Exercise requirements:
Take the lines below beginning at the line that has "McNeil High School" and stopping after the line that has "GIVE THANKS FARMHOUSE", and print them exactly as they are, with no other lines.

Records provided:
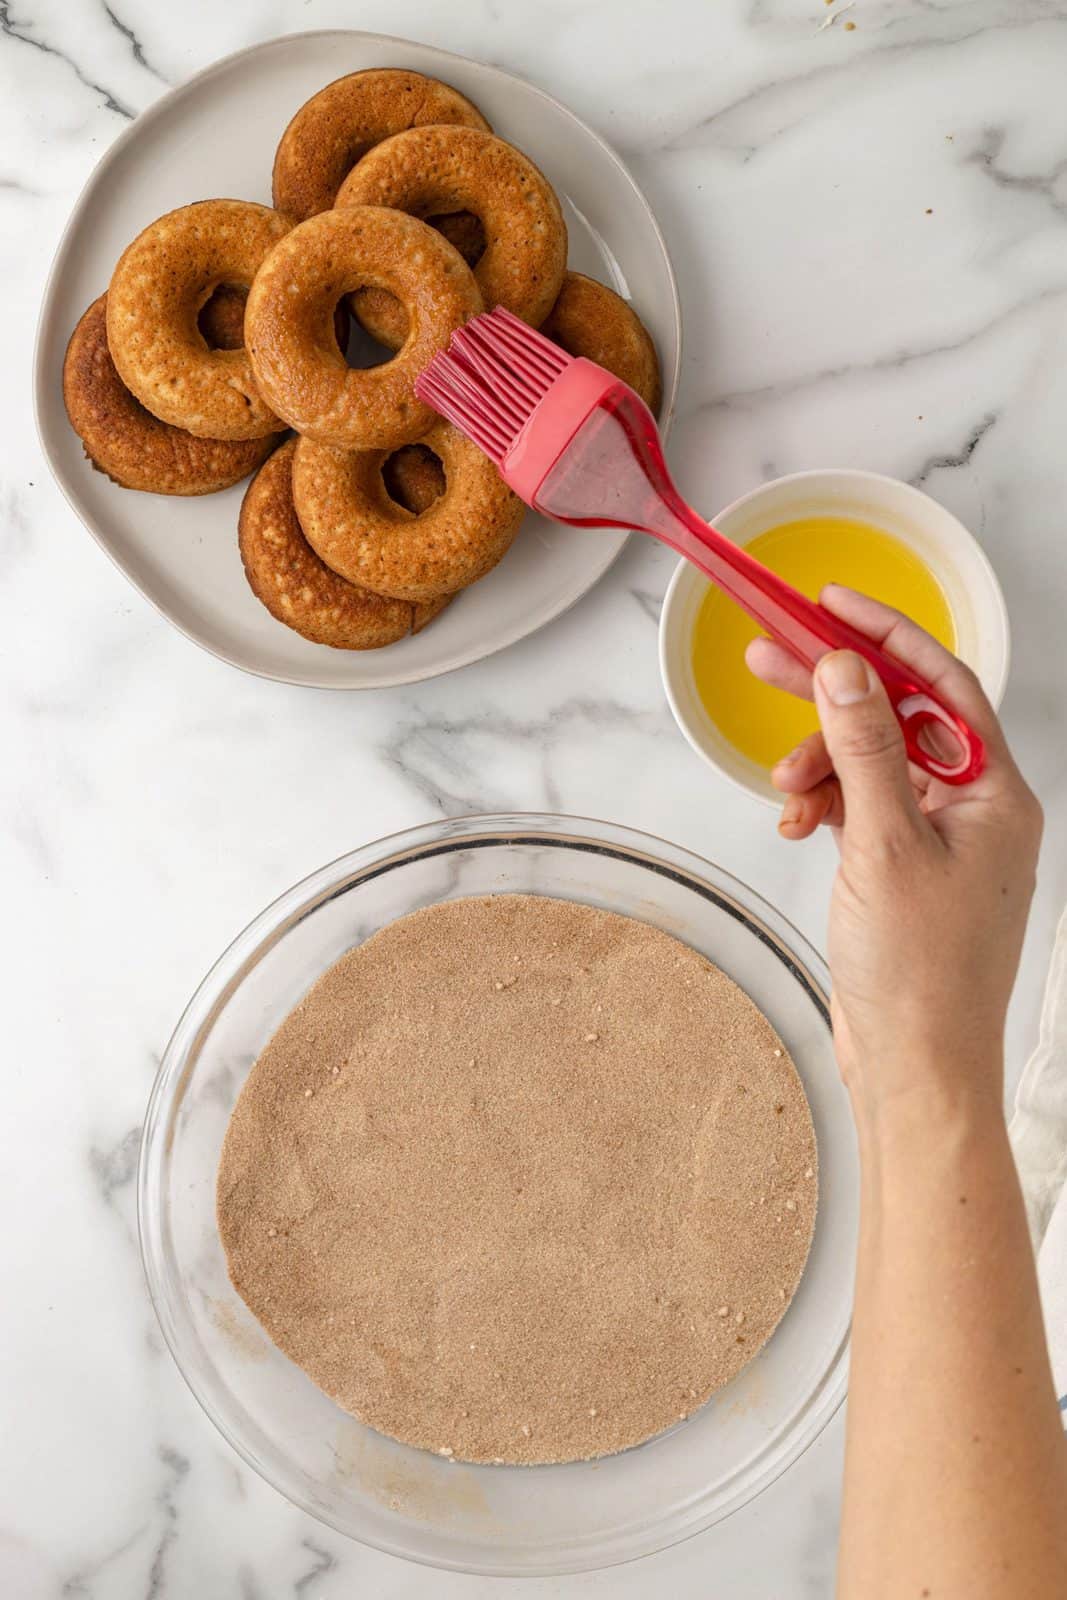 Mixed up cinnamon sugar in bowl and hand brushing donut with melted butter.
==
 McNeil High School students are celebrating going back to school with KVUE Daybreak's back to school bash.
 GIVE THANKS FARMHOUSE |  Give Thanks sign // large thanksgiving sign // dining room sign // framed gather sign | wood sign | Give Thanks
---
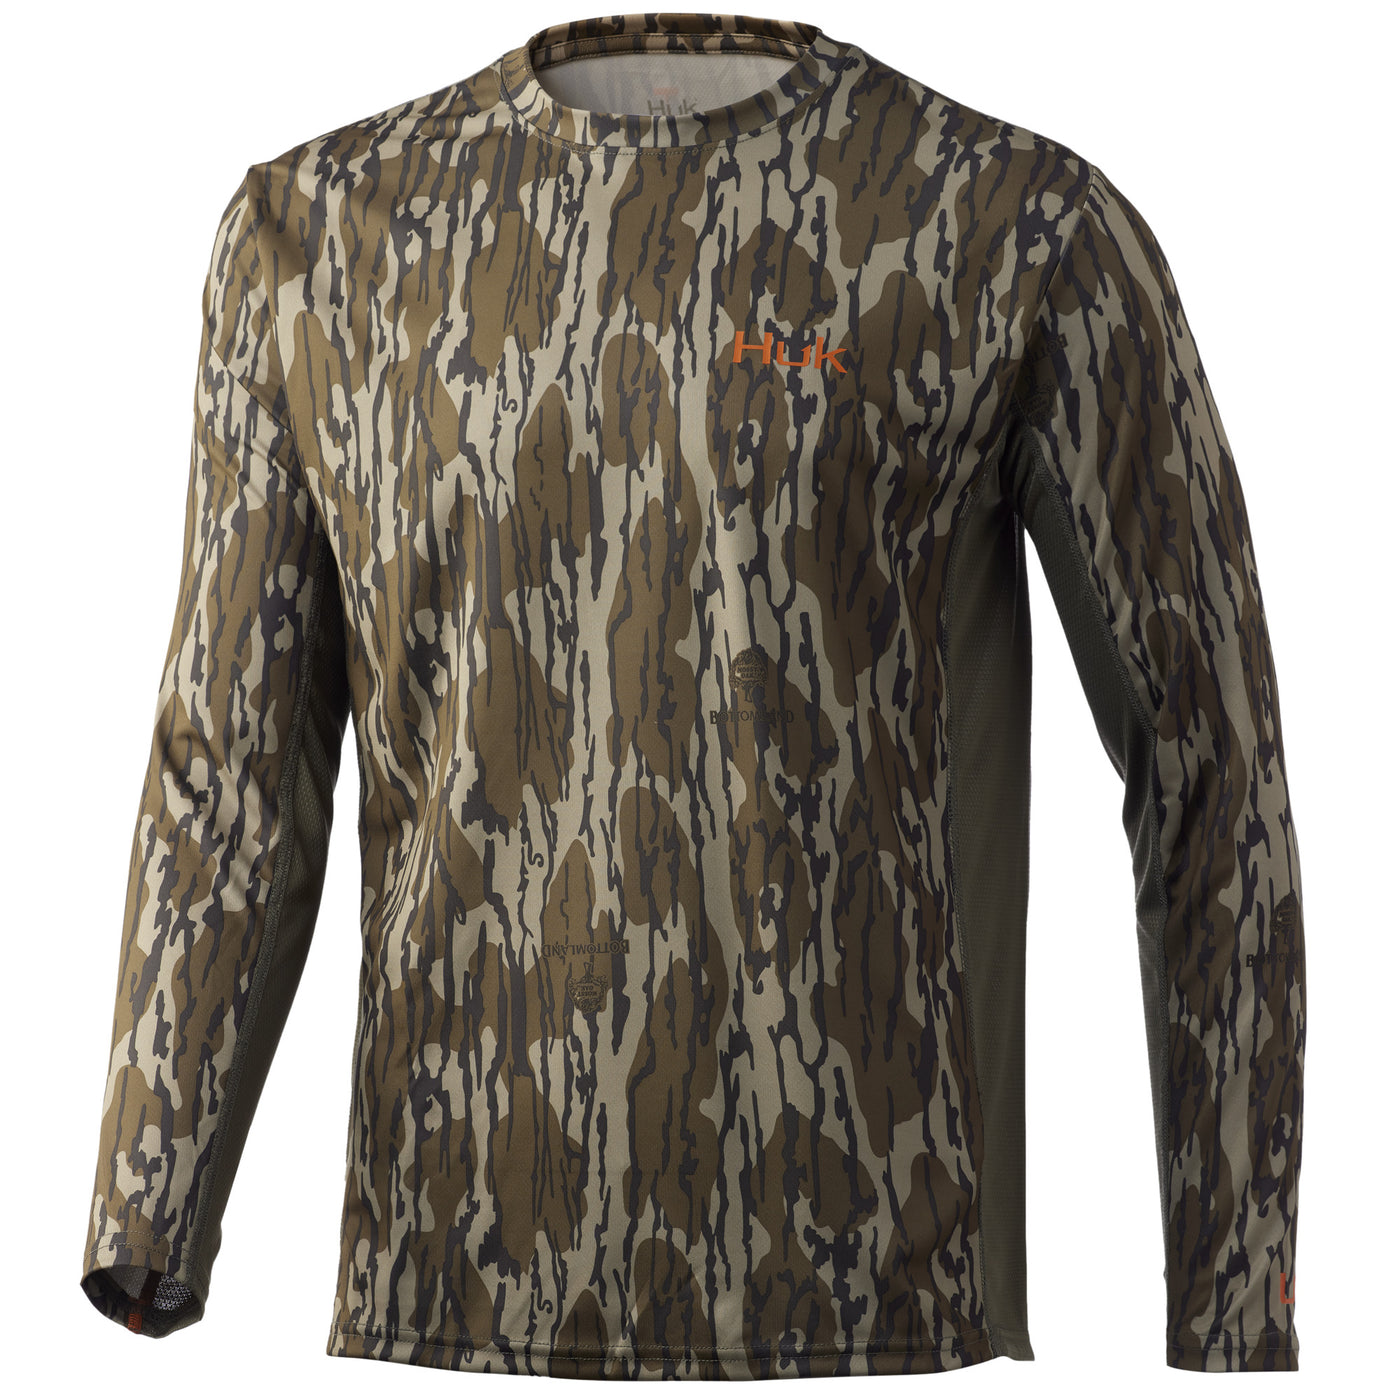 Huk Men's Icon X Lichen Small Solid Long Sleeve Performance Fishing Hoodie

Response:
 McNeil High School students are celebrating going back to school with KVUE Daybreak's back to school bash.
 GIVE THANKS FARMHOUSE |  Give Thanks sign // large thanksgiving sign // dining room sign // framed gather sign | wood sign | Give Thanks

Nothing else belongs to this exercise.